Working with various clients over the years, we understand that not everyone wants to utilize the same strategy in pay-per-click (PPC). Each client has unique marketing goals and what works for one client, may not work for another. This is based on various factors, such as number of competitors, demographics, and type of product/service sold. Some clients may only be interested in conversions, while others may be interested solely in maintaining a top position across all campaigns to increase brand visibility. Despite differences in the perception of the value of a PPC strategy, the most important thing is finding what’s profitable for each unique client.
When aligning a PPC strategy with marketing goals, it is imperative that the client understand the impact of said strategy. For example, if a client is set on maintaining a top position across all campaigns, it is important that we as marketers understand the “why” behind such a strategy. We have observed that some clients believe that if they are in the top position every time, this will lead to the most conversions and the most traffic to their site. While that may be true in some cases, it also may lead to other unintended consequences, such as increased costs and a lower ROI. This can result from customers who are either in the problem recognition or information search stage of the purchasing cycle and are not close to making a purchasing decision. Therefore, while they may click on your ad because you’re in first position, they may not be interested in buying at all. Yet, you’re paying for that click.

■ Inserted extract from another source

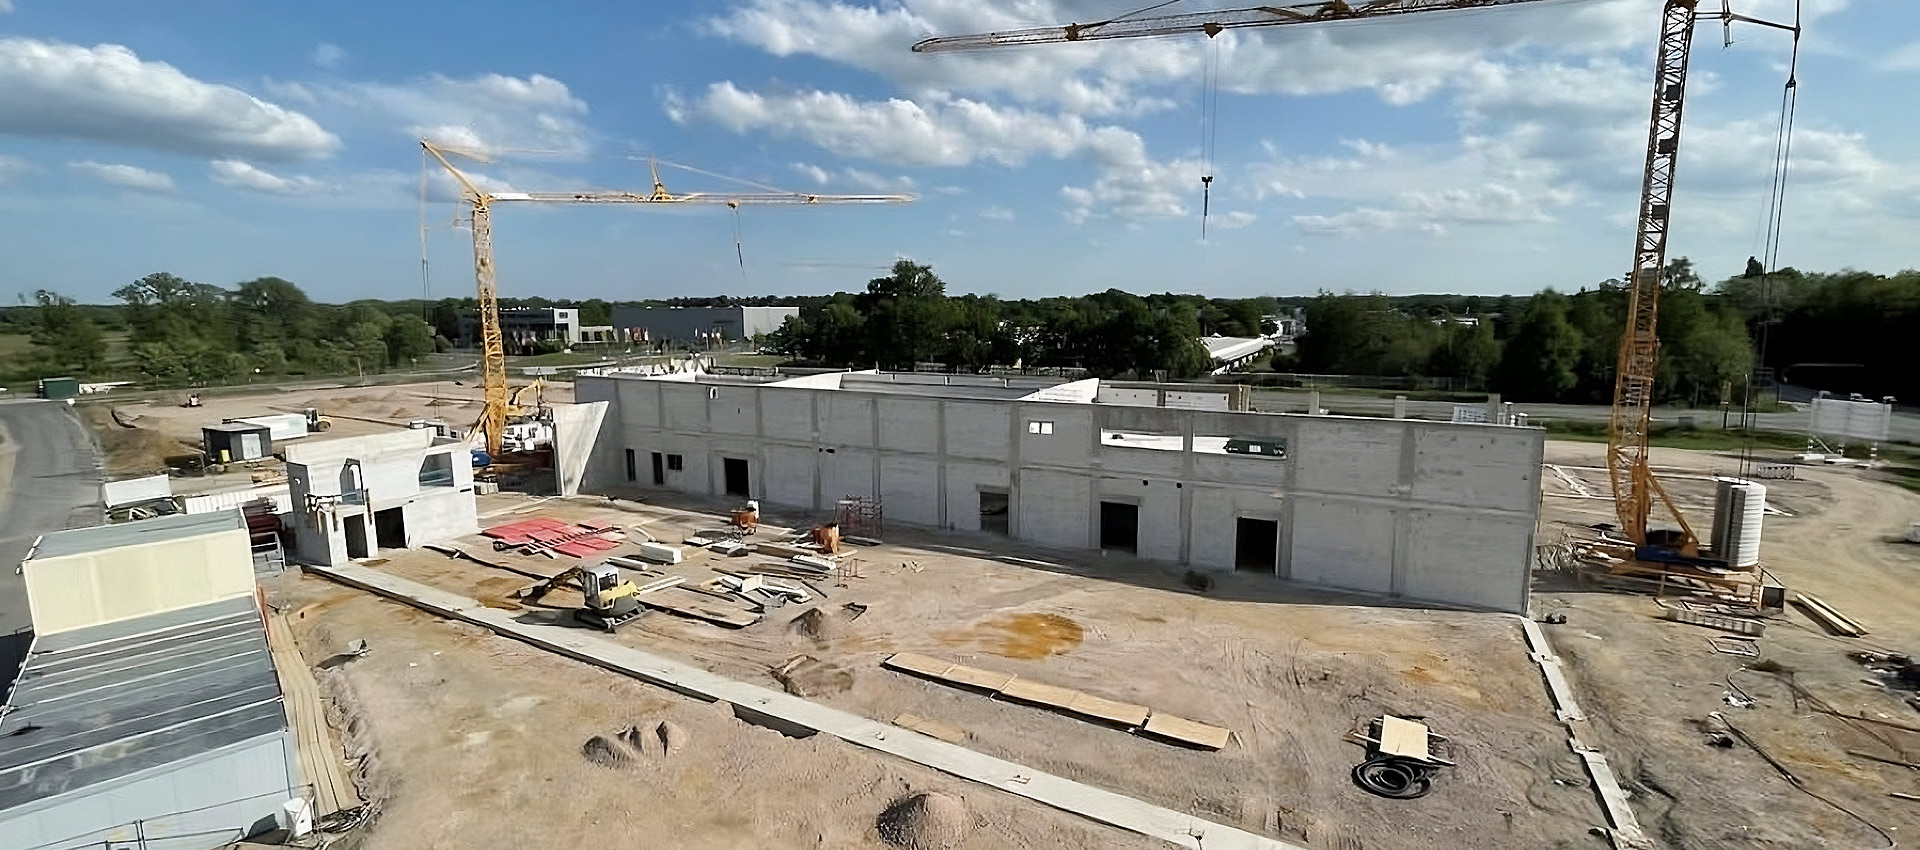 KP Bau - Bauunternehmen | Rohbau | Hochbau - Duisburg - Slide 4

With that said, the clicks add up and so do the costs if the client is misinformed. While conversions may increase overall, the magnitude of the increase in associated costs may outweigh the benefits from an increase in conversions. As a result, we do our best to inform our clients of the potential consequences of their decision and suggest that it’s all about finding that ideal position. That is, where you can achieve that perfect balance of costs and conversions in order to maximize ROI. Ultimately, it’s all about finding that “sweet spot.”